India for several years has been known to have the highest burden of Communicable diseases (CDs) in the world, with Malaria and Tuberculosis among the leading causes of death. Simultaneously, India is witnessing an increase in chronic disease related morbidity and mortality due to which Non-Communicable diseases (NCDs) have emerged as a potent threat. Adulteration and contamination of food is a growing problem in India. According to Public Health Foundation of India, 80% of all premature deaths occur due to contaminated food and water. Inadequate sanitation and lack of clean drinking water exacerbate the risk of contracting diseases.

The World Bank estimates that 21% of CDs in India are related to unsafe water. Diarrhoea alone causes more than 1,600 deaths daily. Open defecation continues to be a problem.
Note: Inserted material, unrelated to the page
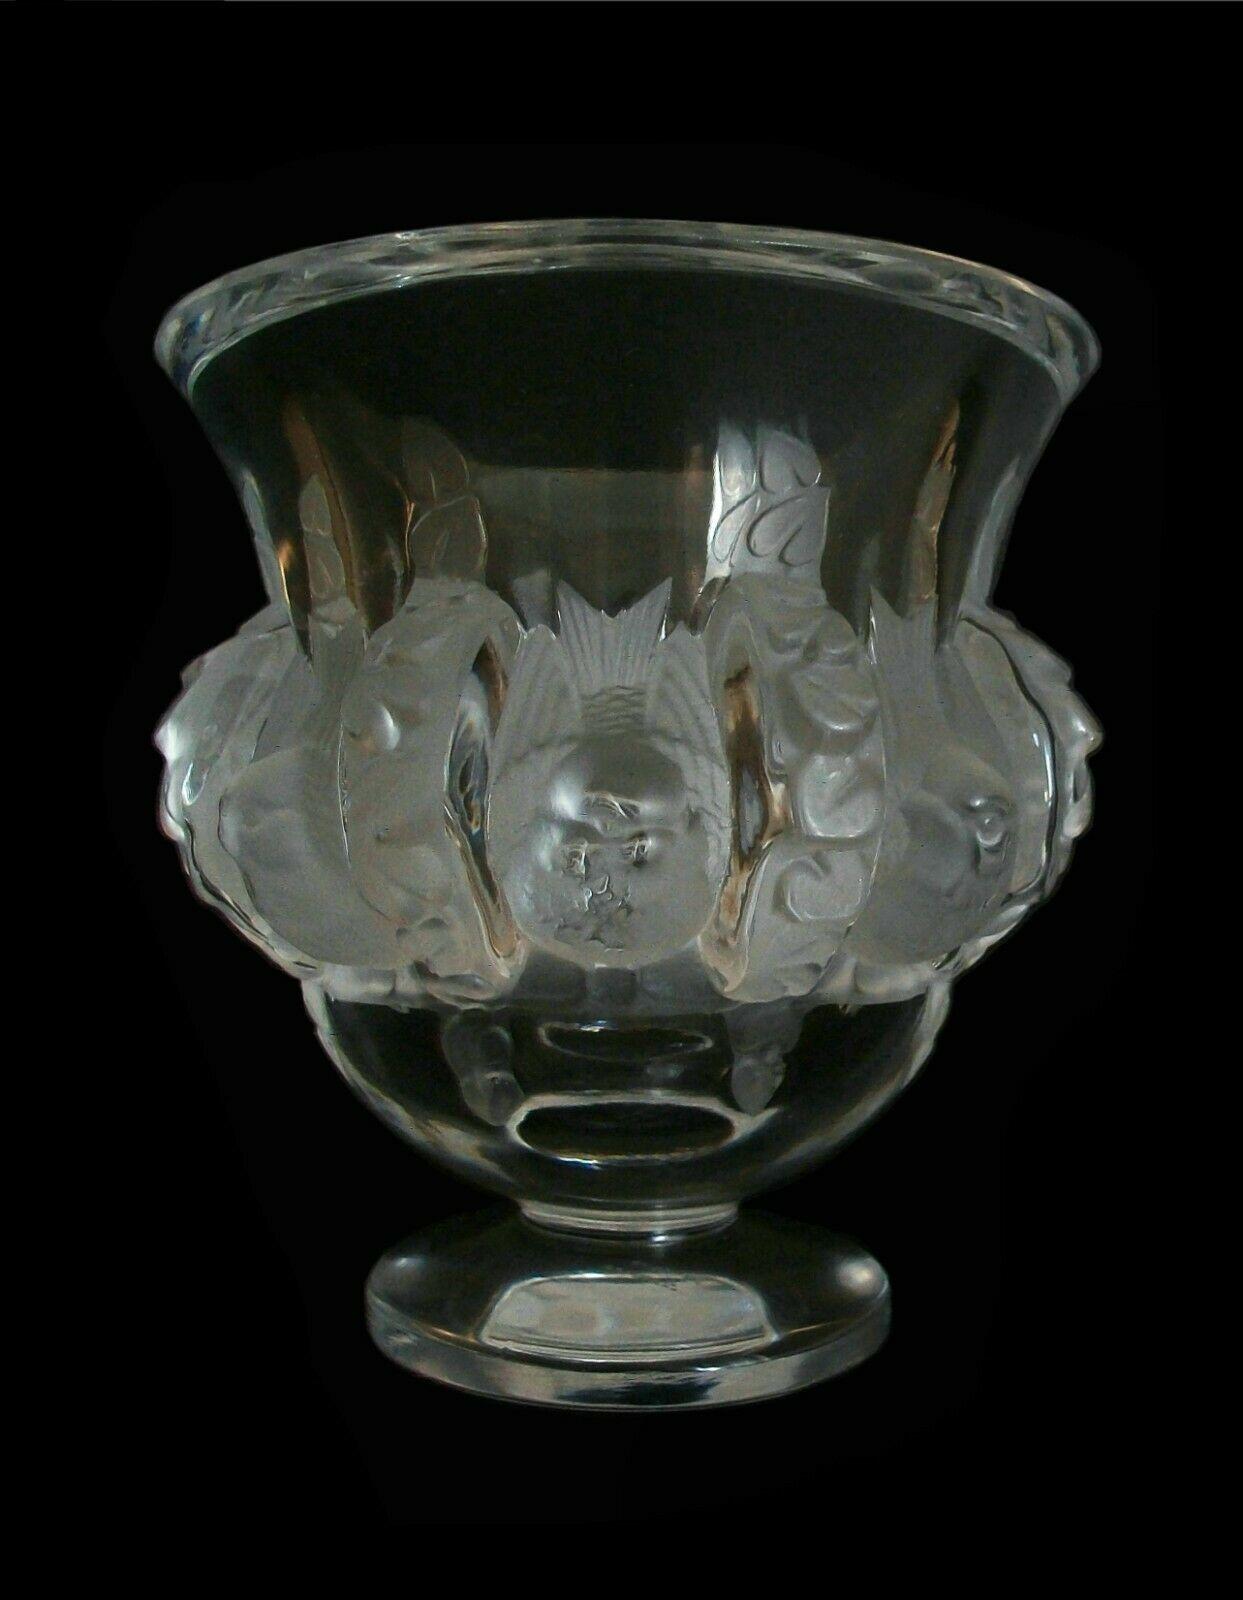 LALIQUE - 'Dampierre' - Vintage Art Deco style luxury crystal vase designed in 1948 by Marc Lalique (son of Rene Lalique) - striking frosted finish to the central band featuring birds and leaves - contrasting clear polished finish to the bowl, rim

Latrine usage is extremely poor in rural areas, where only 14% of the rural population has access to a latrine.

To improve the overall health of the country, safe drinking water, improved sanitation facilities, controlling food adulteration and chemical contamination of air, water and soil should be made priority areas and require immediate attention of the government and public health authorities.

This study is one small but necessary step in this direction and attempts to estimate Disability-Adjusted Life Years (DALYs) and Economic costs attributable to food adulteration and other environmental and contamination risks that cause CDs and NCDs in India.